▼
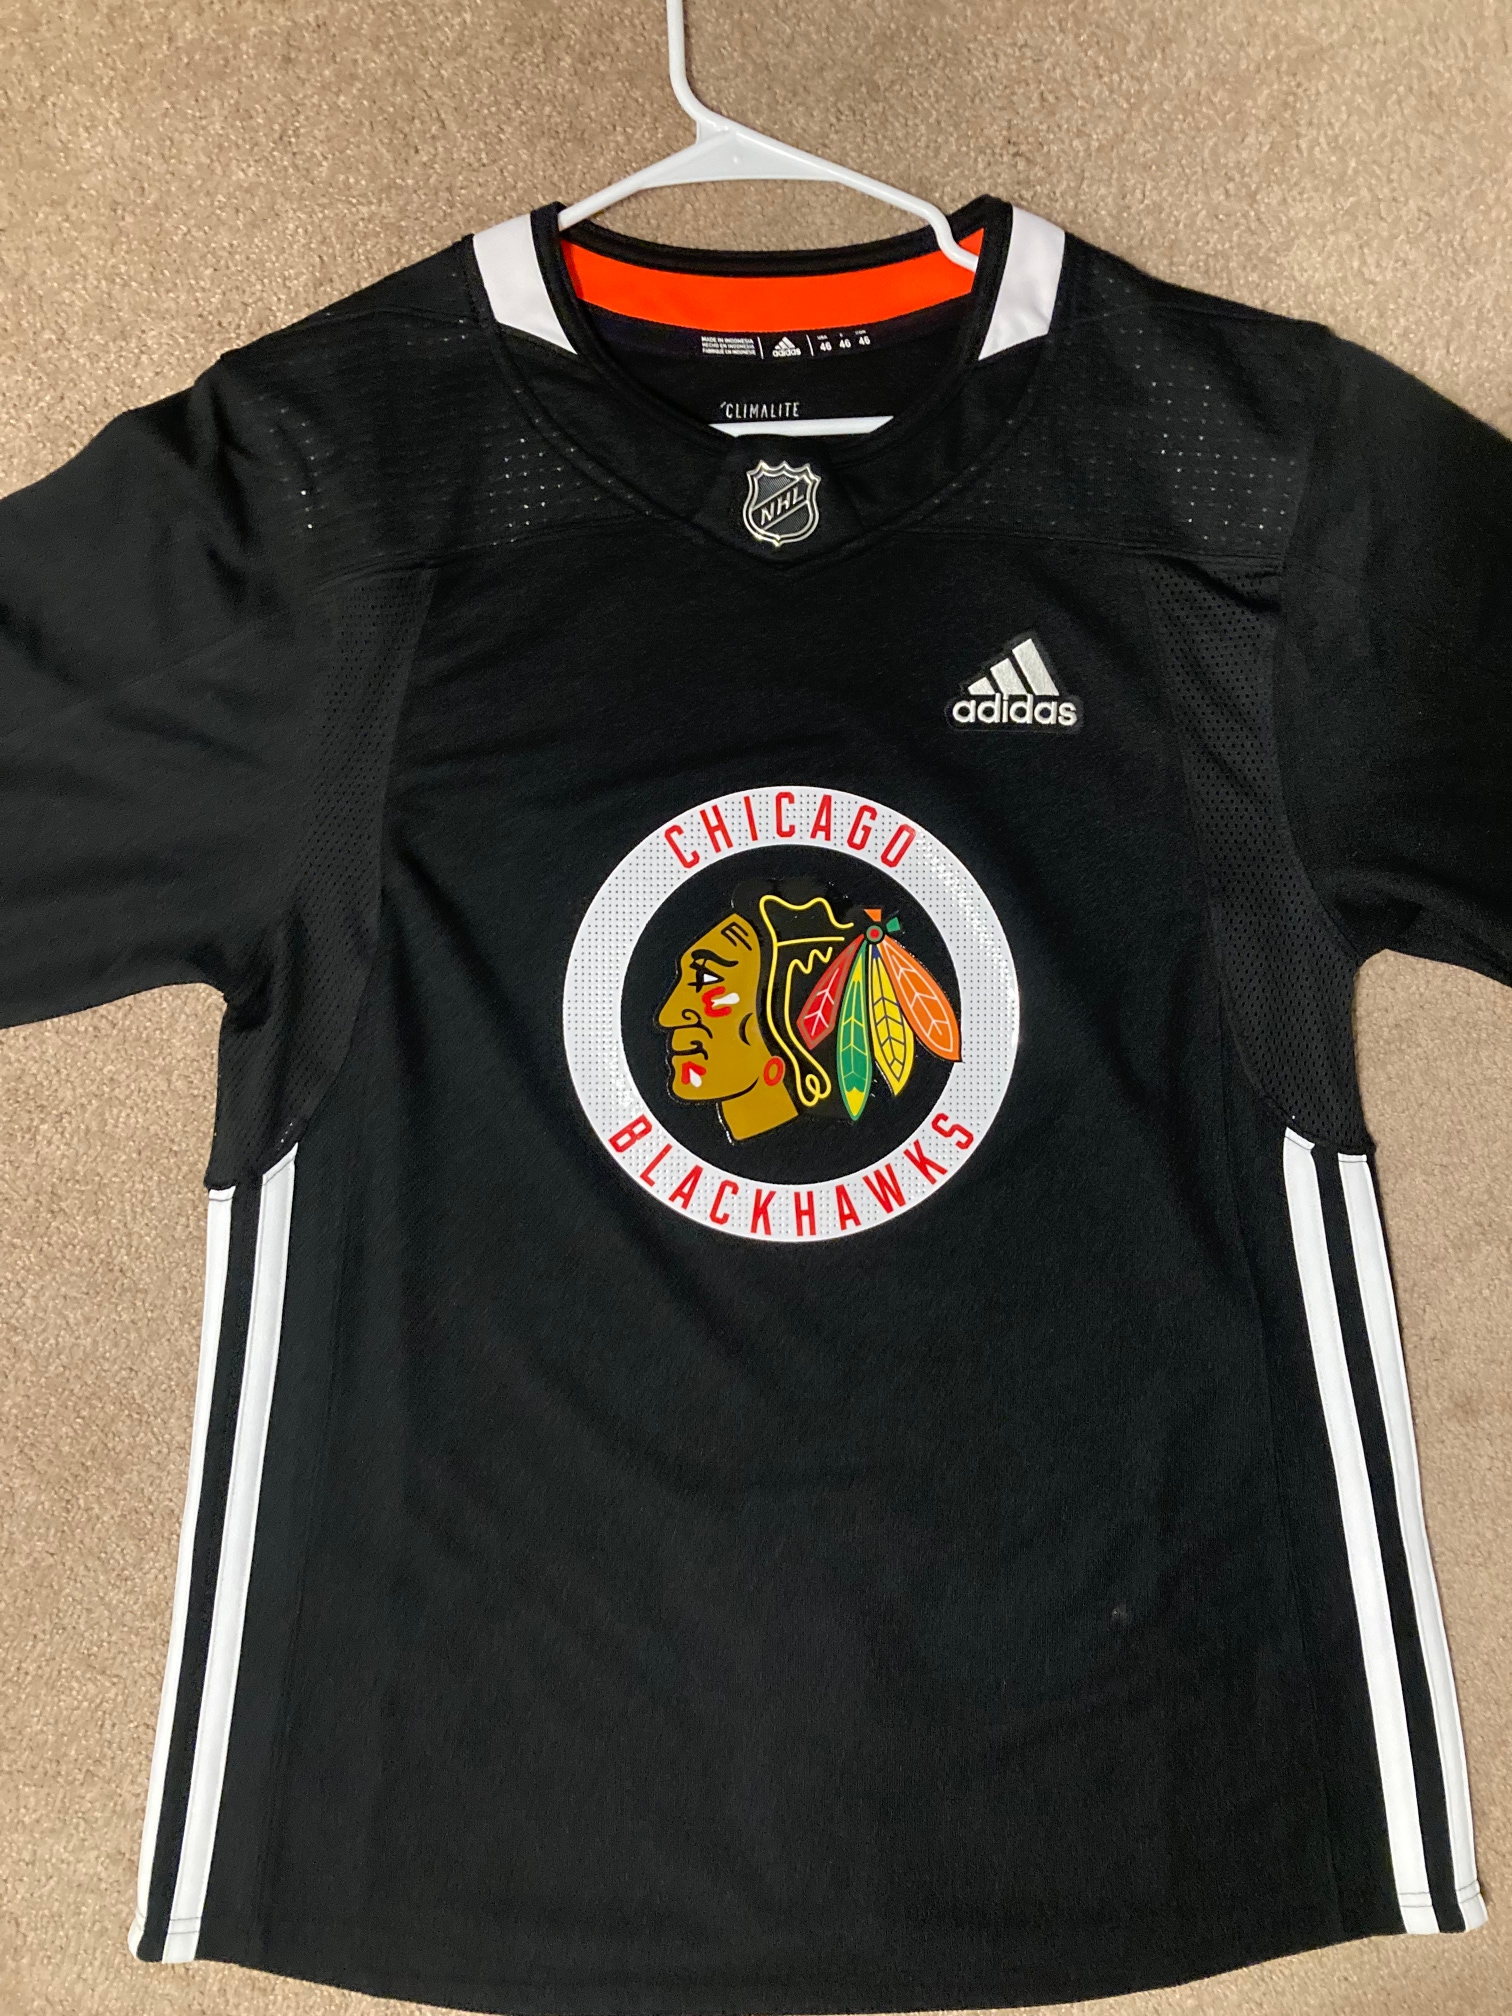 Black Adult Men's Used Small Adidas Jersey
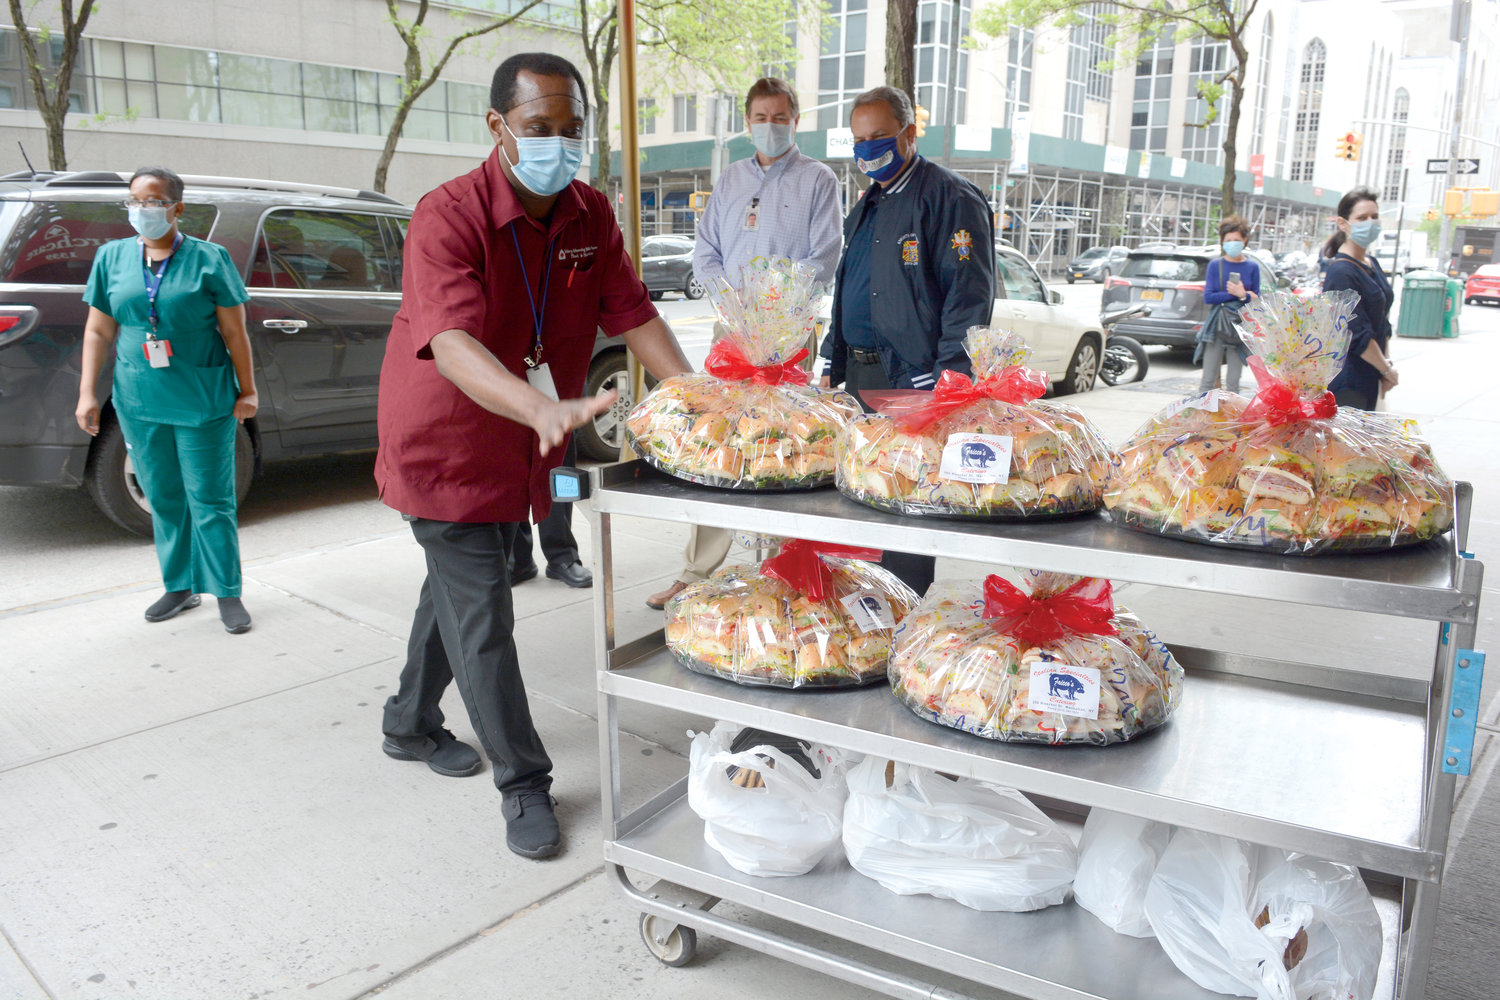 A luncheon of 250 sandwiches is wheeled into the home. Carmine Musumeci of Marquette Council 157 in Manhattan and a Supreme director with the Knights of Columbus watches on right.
▲
▼
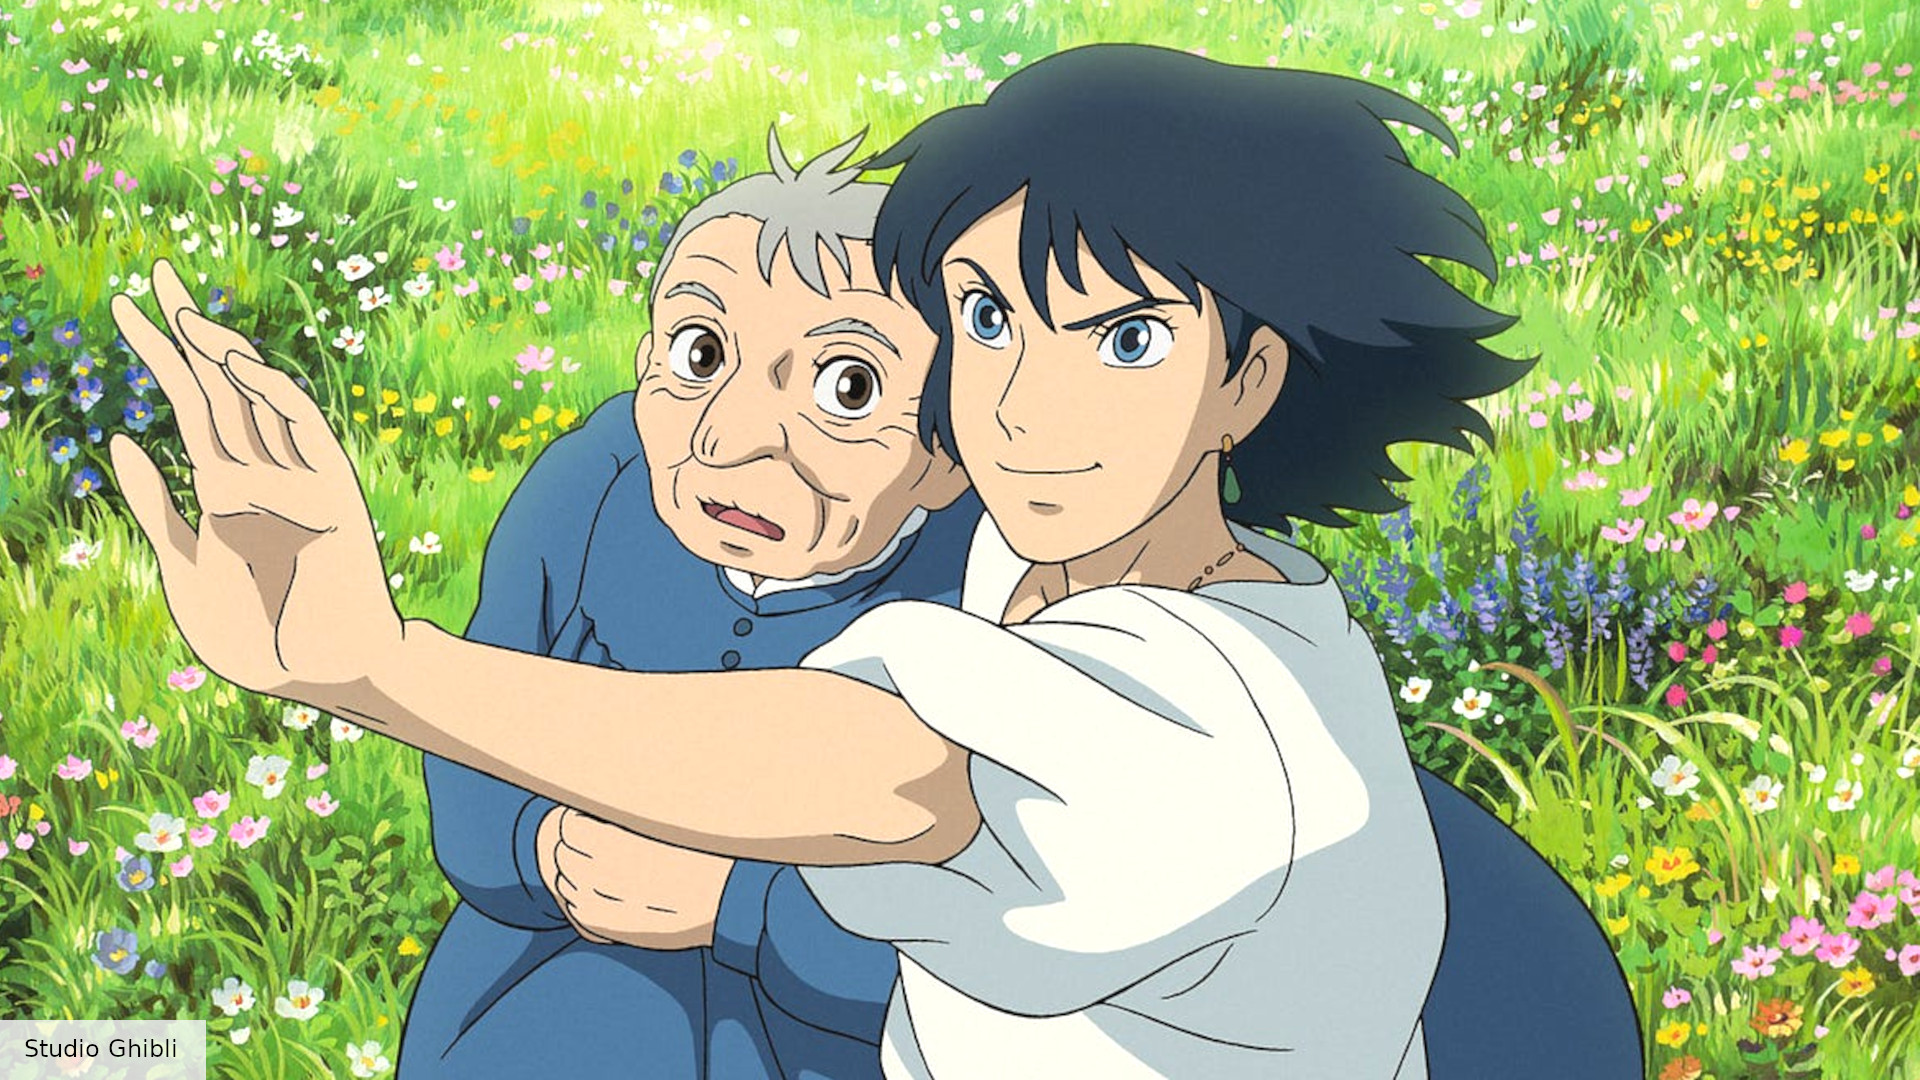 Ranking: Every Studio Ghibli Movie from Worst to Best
▲
§ **TRY IT**
Transcribe the listing above exactly, but only from the line with "Black Adult Men's Used Small Adidas Jersey" through the line with "A luncheon of". Include both of those lines and omit the pictures.

§ **ANSWER TO THIS TASK**
 Black Adult Men's Used Small Adidas Jersey
 A luncheon of 250 sandwiches is wheeled into the home. Carmine Musumeci of Marquette Council 157 in Manhattan and a Supreme director with the Knights of Columbus watches on right.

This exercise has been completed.